To be more clear, an example substitution process that must happen as the logs arrive and the patterns are matched. log with user1 arrives and is substituted by anon1 log with user2 arrives and is substituted by anon2 again log with user1 arrives and is again substituted by anon1 log with user3 arrives and is substituted by anon3 again log with user2 arrives and is again substituted by anon2 . . . . This is required so that once the usernames are substituted for attaining anonymity, there must be a way to reverse them for audit purposes.
you want to do that on-the-fly or during postprocessing? Right now it is not possible to do with patterndb only as it only extracts information from messages and never changes them, but anonimization has always been a hidden agenda of patterndb, which never materialized. -- Bazsi
One copy of the original logs is logged on to the disk and the anonimized copy gets forwarded. On Wed, Dec 21, 2011 at 6:47 PM, Balazs Scheidler <bazsi@balabit.hu> wrote:
On Wed, 2011-12-21 at 14:31 +0530, Anup Shetty wrote:
I am new to syslog-ng and would like some help on the pattern matching and the substitution option. Currently the requirement is to substitute a parameter in the message with a random value in order to anonymize it.
For example:
Dec 31 23:13:25 servername sshd[25218]: Failed keyboard-interactive/pam for user1 from 10.x.x.x port 47325 ssh2
If I create a pattern database for this message and pick out the username using the string and substitute it user1 to say anon1, will I be able to store the original-substituted value pair for this user and use it repeatedly? Would I be able to do it for all the subsequent logs?
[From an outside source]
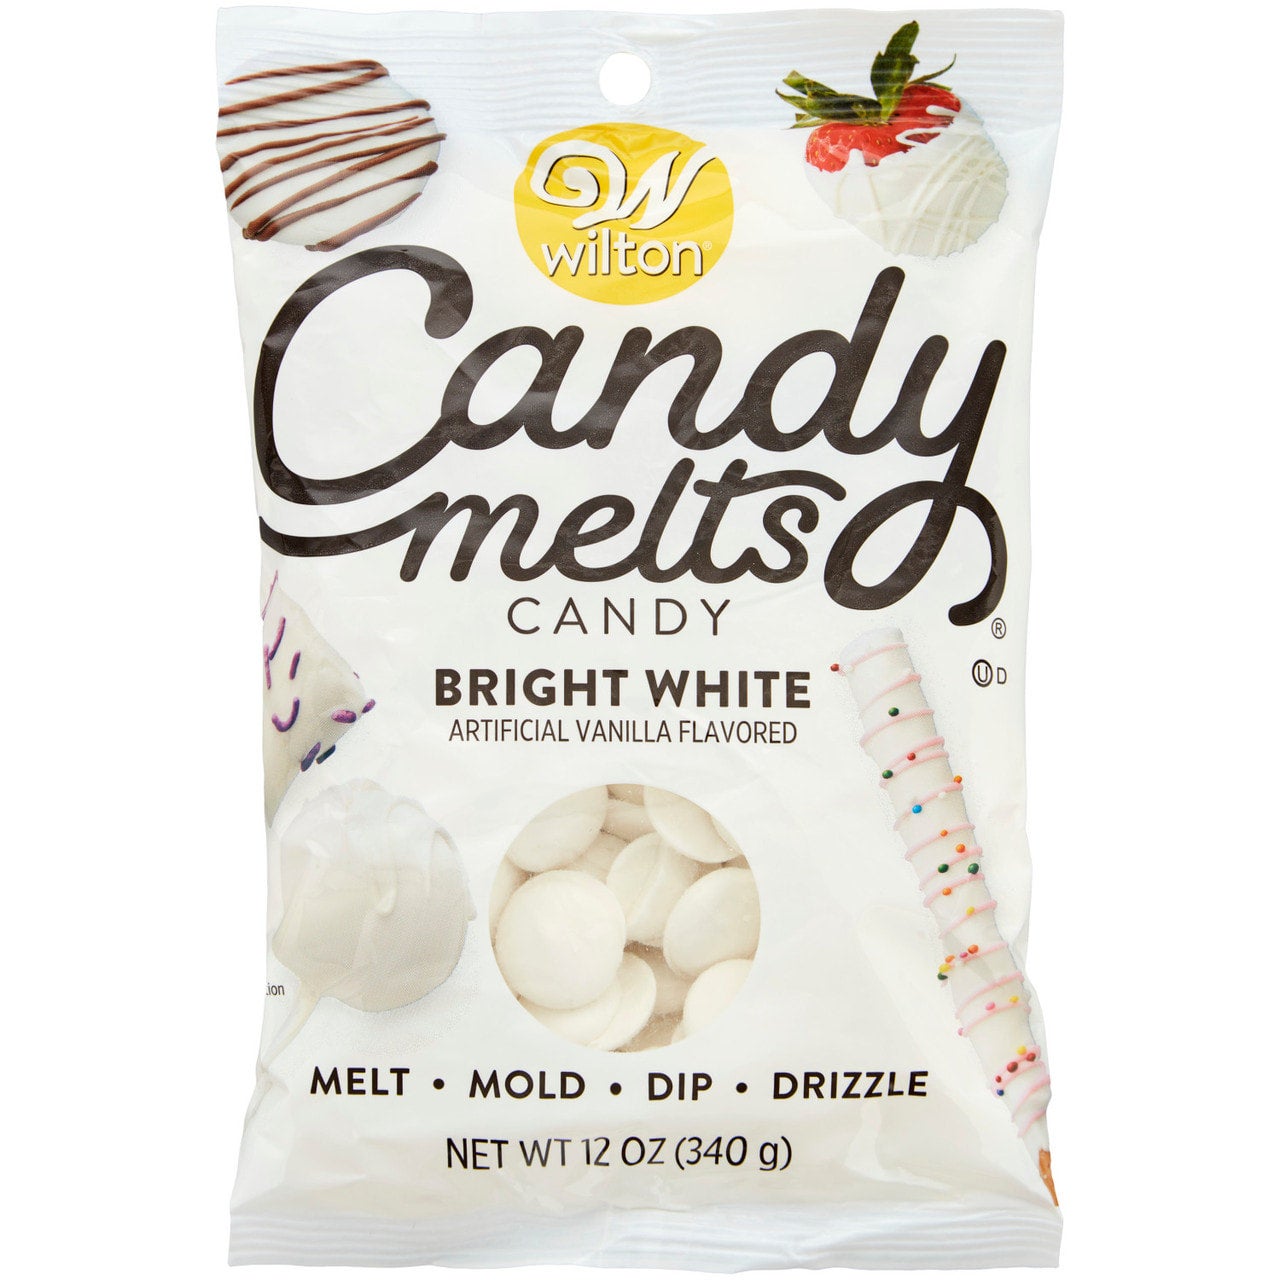 Wilton Candy Melts (9 colors/flavors)

To be more clear, an example substitution process that must happen as the logs arrive and the patterns are matched. log with user1 arrives and is substituted by anon1 log with user2 arrives and is substituted by anon2 again log with user1 arrives and is again substituted by anon1 log with user3 arrives and is substituted by anon3 again log with user2 arrives and is again substituted by anon2 . . . . This is required so that once the usernames are substituted for attaining anonymity, there must be a way to reverse them for audit purposes.
you want to do that on-the-fly or during postprocessing?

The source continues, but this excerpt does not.